I’m no optimist, but I’d like to think that even the smallest change counts as change. What matters is the shift in thinking the call-to-arms engenders. I’d like to think movements like Occupy indicate this sort of shift in thinking, as disparate decentralized collectives organize operations in very separate regions. Idealistic as it is for me, I’d like to think that the revolution begins here, with spectacle and lulz, and with the exhortation that people within oppressive systems of any kind begin to think of themselves as people within an oppressive system who can fight that system. Not people who live their lives believing that the system will spare them or save them if they keep their heads low, but people who believe they can peacefully and nonviolently re-empower themselves, through circumventing oppression at the level of state apparatuses, be it police brutality, online or offline censorship, or state-sponsored killings. I have to think it starts here. It spreads to others who take hope from their compatriots, it grows in volume, it reaches critical mass, it results in events like the Arab Spring, union strikes, people who are able to realize their own power.
As governments try to push more censorship onto the Internet, for instance, more and more people will be affected—not just the 4channers or Dramacrats, but also the micro-bloggers and social media users. And more and more users will want more and more ways to circumvent censorship, and more and more hackers and geeks will create the technology by which to do so. I’m thinking of one project in particular (hats off to Anonymous, as always), but I’m not going to get into it until Project Mayhem.
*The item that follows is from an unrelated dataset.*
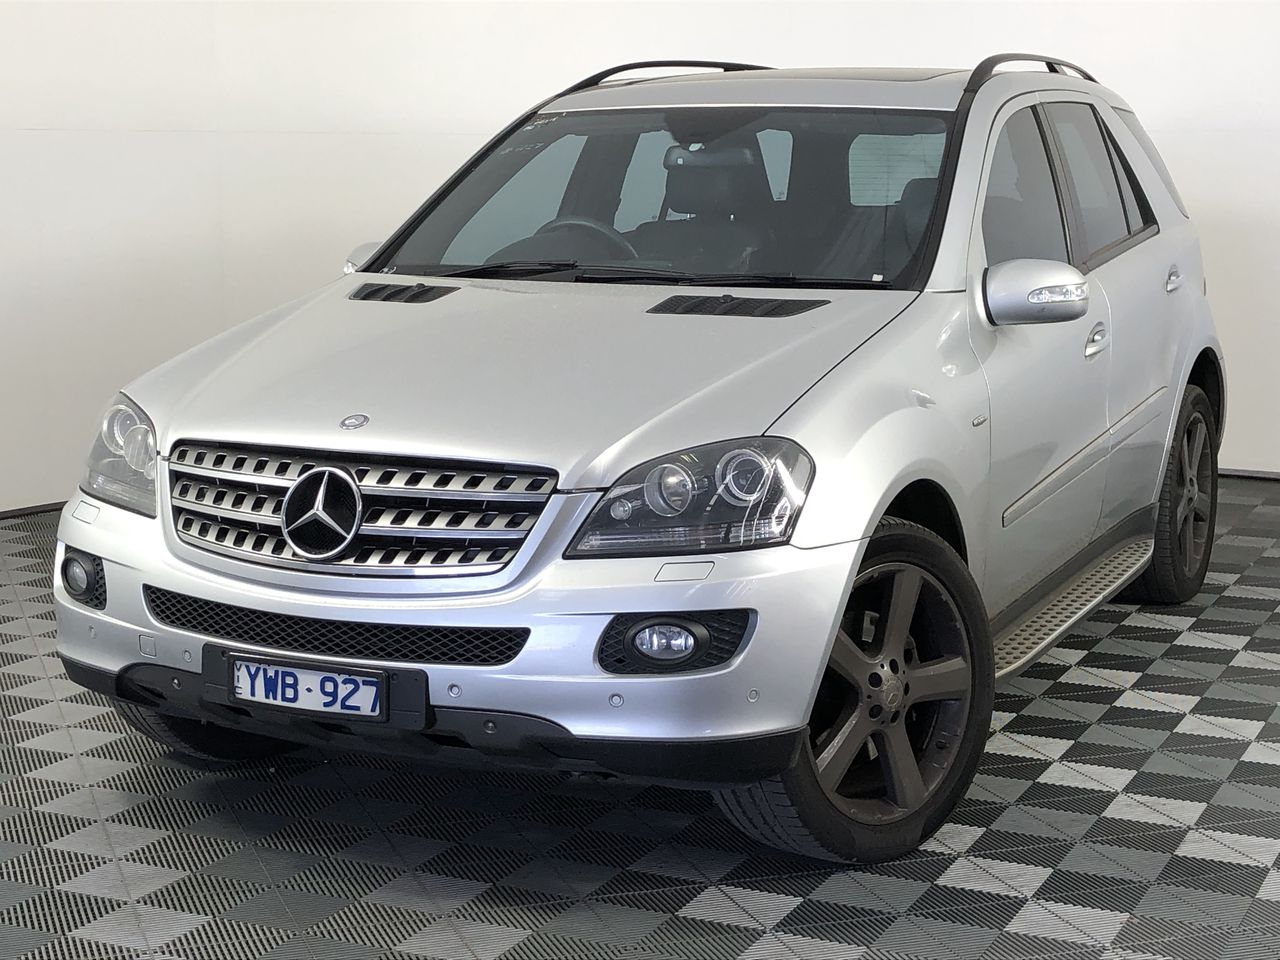 2008 Mercedes Benz ML 350 (4x4) W164 Automatic Wagon

There have also been several other initiatives to spread wireless connectivity, create relays and bridges more easily with heightened censor evasion, and stop censorship of material based on the say-so of big corporations.
I won’t rehash my earlier thoughts about the ideology seemingly motivating hacker groups like LulzSec and Anonymous. Instead, I’m going to end with the farewell statement accompanying LulzSec’s final leak, excerpted below:
For the past 50 days we’ve been disrupting and exposing corporations, governments, often the general population itself, and quite possibly everything in between, just because we could. All to selflessly entertain others – vanity, fame, recognition, all of these things are shadowed by our desire for that which we all love. The raw, uninterrupted, chaotic thrill of entertainment and anarchy. It’s what we all crave, even the seemingly lifeless politicians and emotionless, middle-aged self-titled failures. You are not failures. You have not blown away. You can get what you want and you are worth having it, believe in yourself.